A faithful copy is required. Print each line of the data exactly and omit the pictures.

COLLECTED MATERIAL >>
┌──

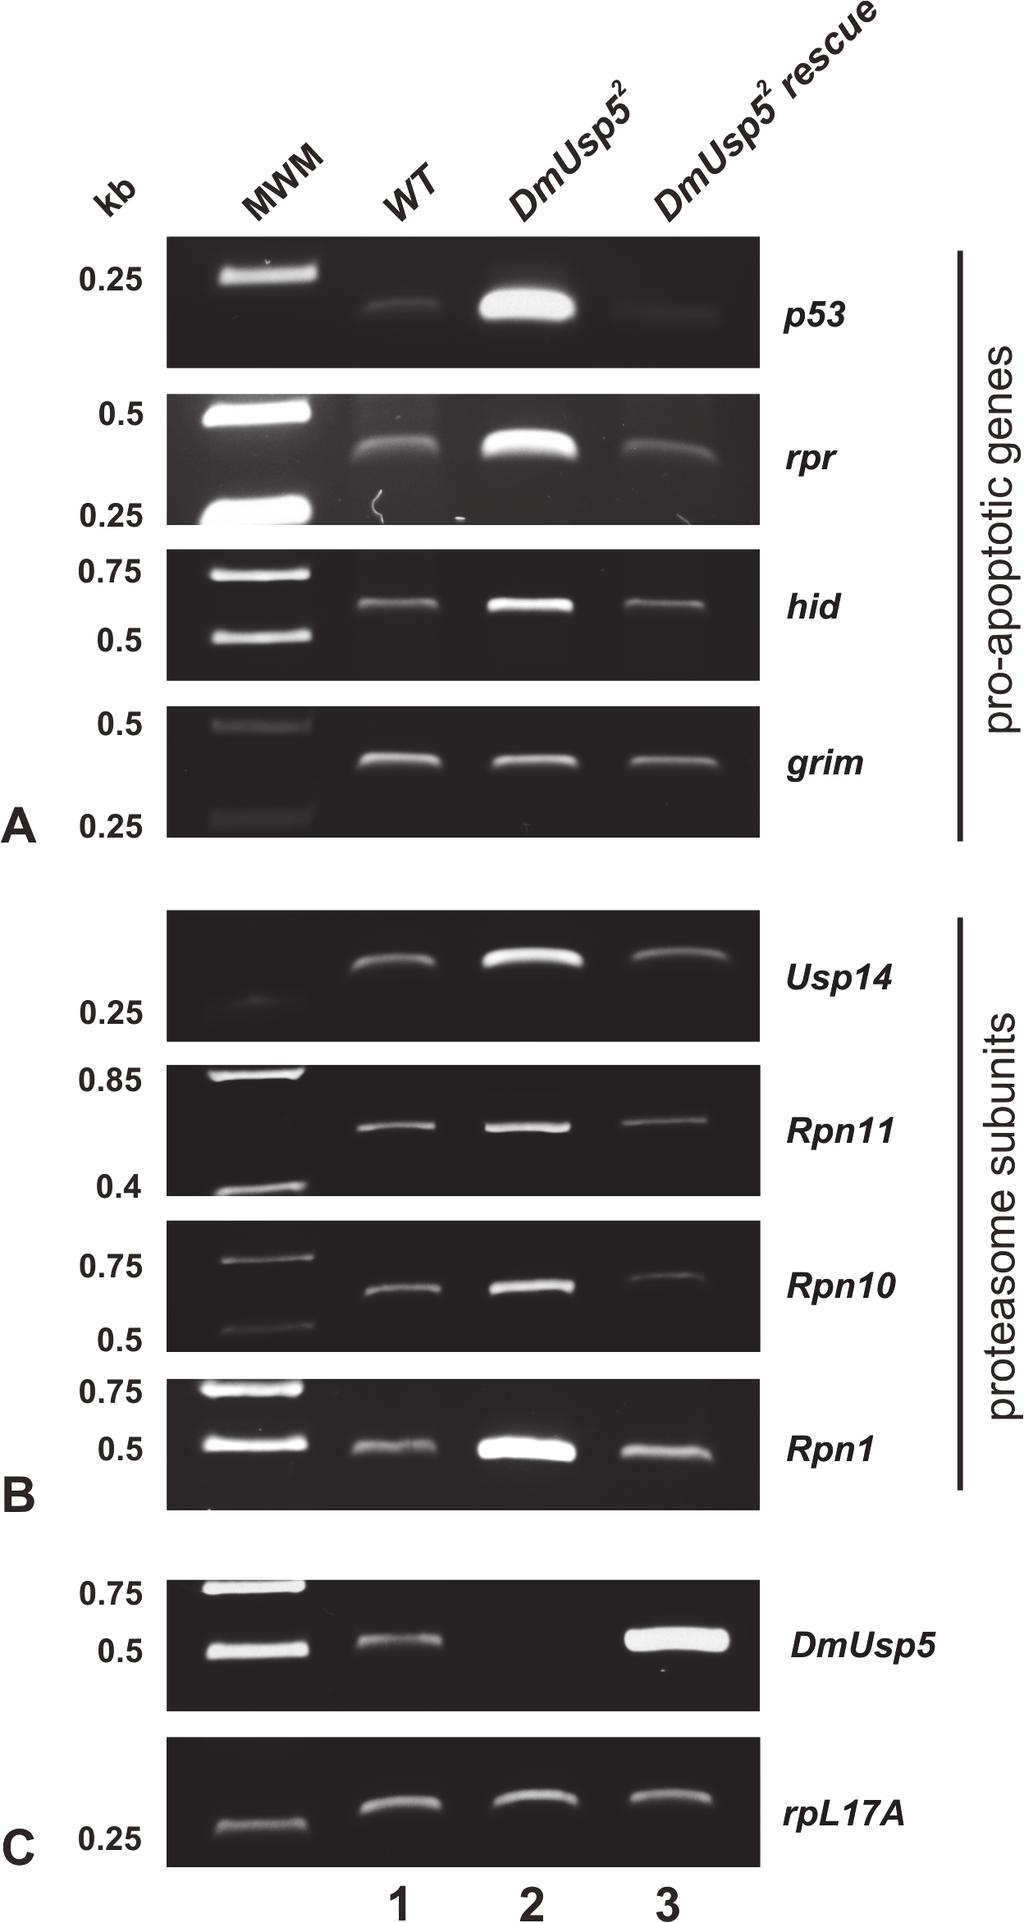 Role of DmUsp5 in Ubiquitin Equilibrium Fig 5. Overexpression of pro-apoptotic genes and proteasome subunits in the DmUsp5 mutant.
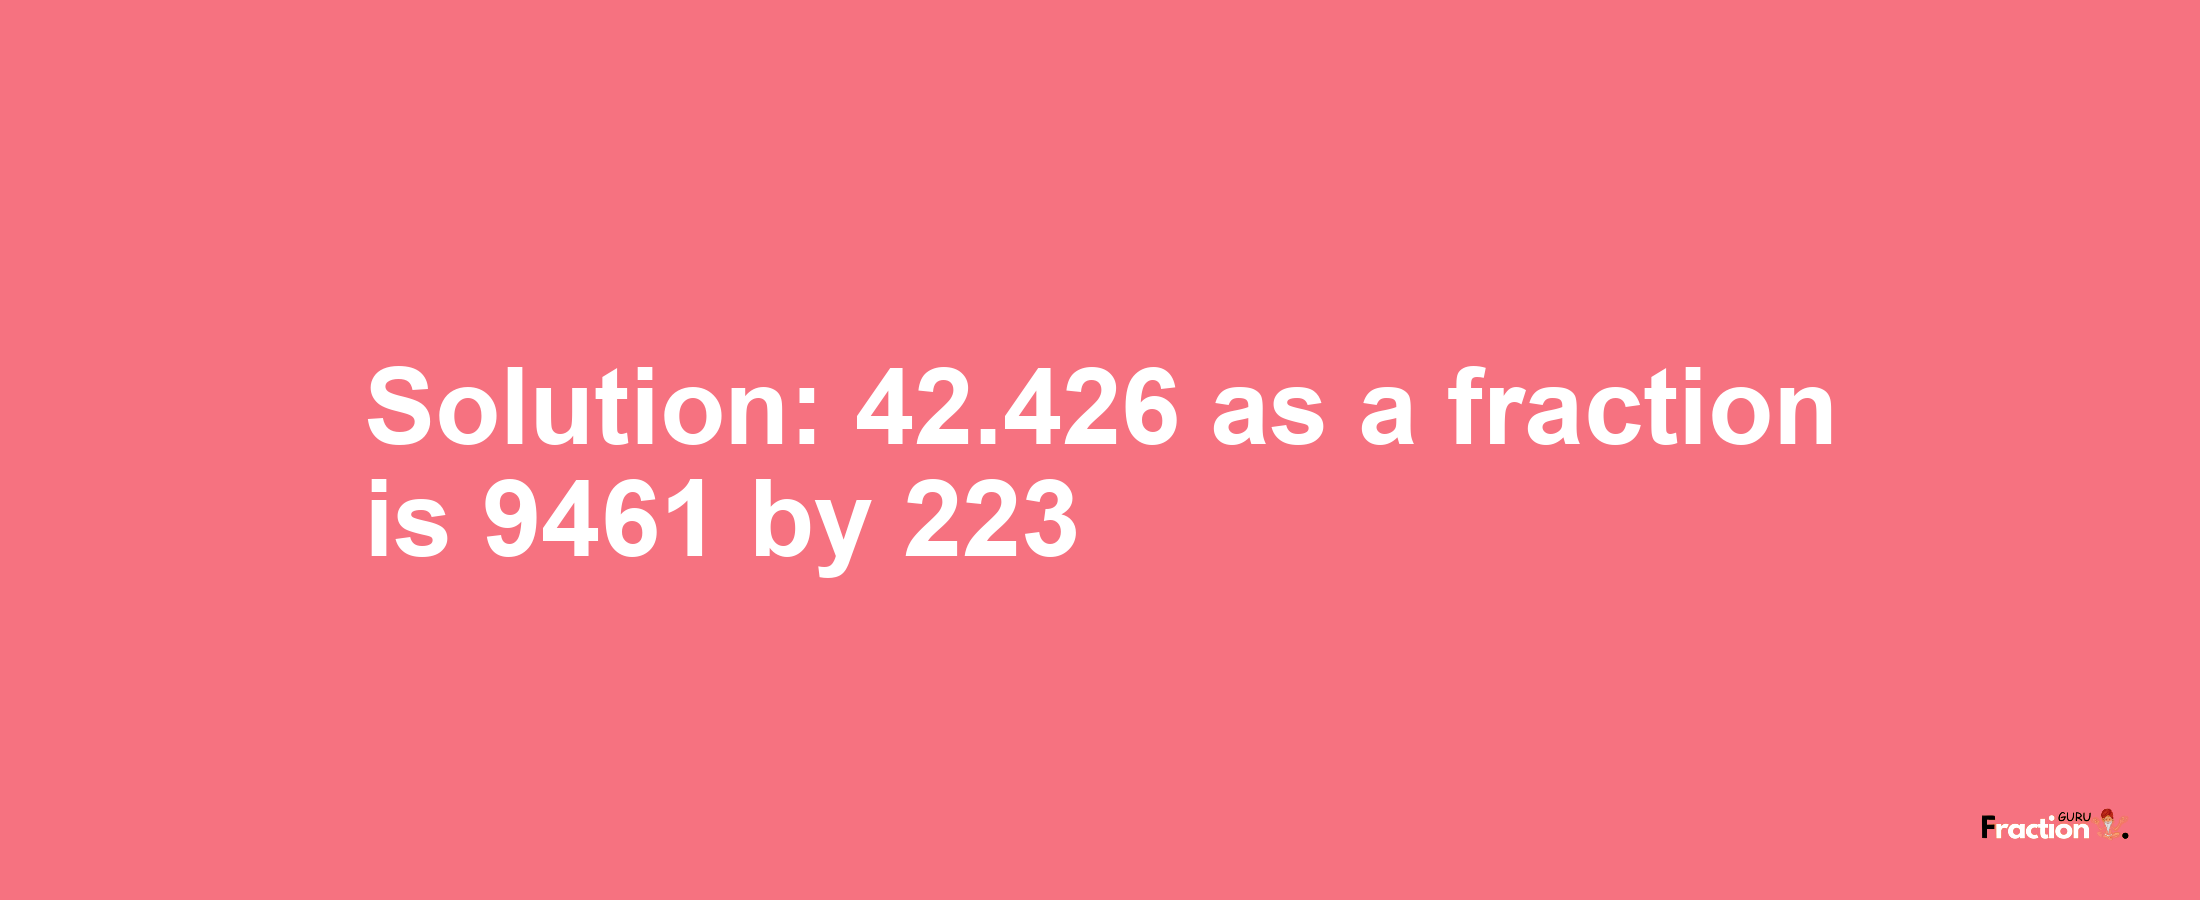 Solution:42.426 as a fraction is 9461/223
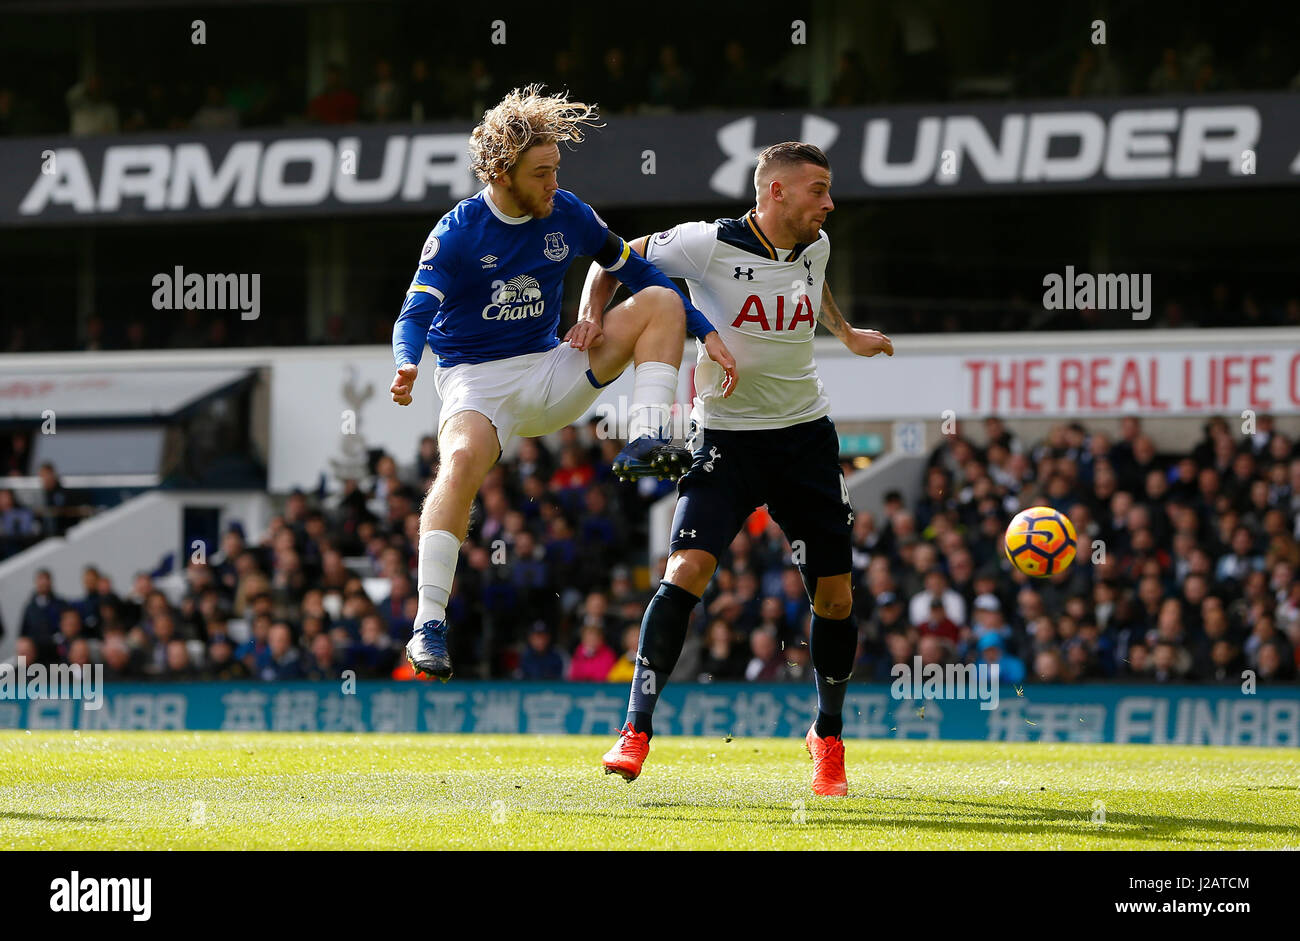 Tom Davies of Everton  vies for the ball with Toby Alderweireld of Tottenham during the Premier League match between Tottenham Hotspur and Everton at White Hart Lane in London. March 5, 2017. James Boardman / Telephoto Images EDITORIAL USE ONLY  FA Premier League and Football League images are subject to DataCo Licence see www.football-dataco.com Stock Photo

└──

RESULT OF THIS EXERCISE >>
 Role of DmUsp5 in Ubiquitin Equilibrium Fig 5. Overexpression of pro-apoptotic genes and proteasome subunits in the DmUsp5 mutant.
 Solution:42.426 as a fraction is 9461/223
 Tom Davies of Everton  vies for the ball with Toby Alderweireld of Tottenham during the Premier League match between Tottenham Hotspur and Everton at White Hart Lane in London. March 5, 2017. James Boardman / Telephoto Images EDITORIAL USE ONLY  FA Premier League and Football League images are subject to DataCo Licence see www.football-dataco.com Stock Photo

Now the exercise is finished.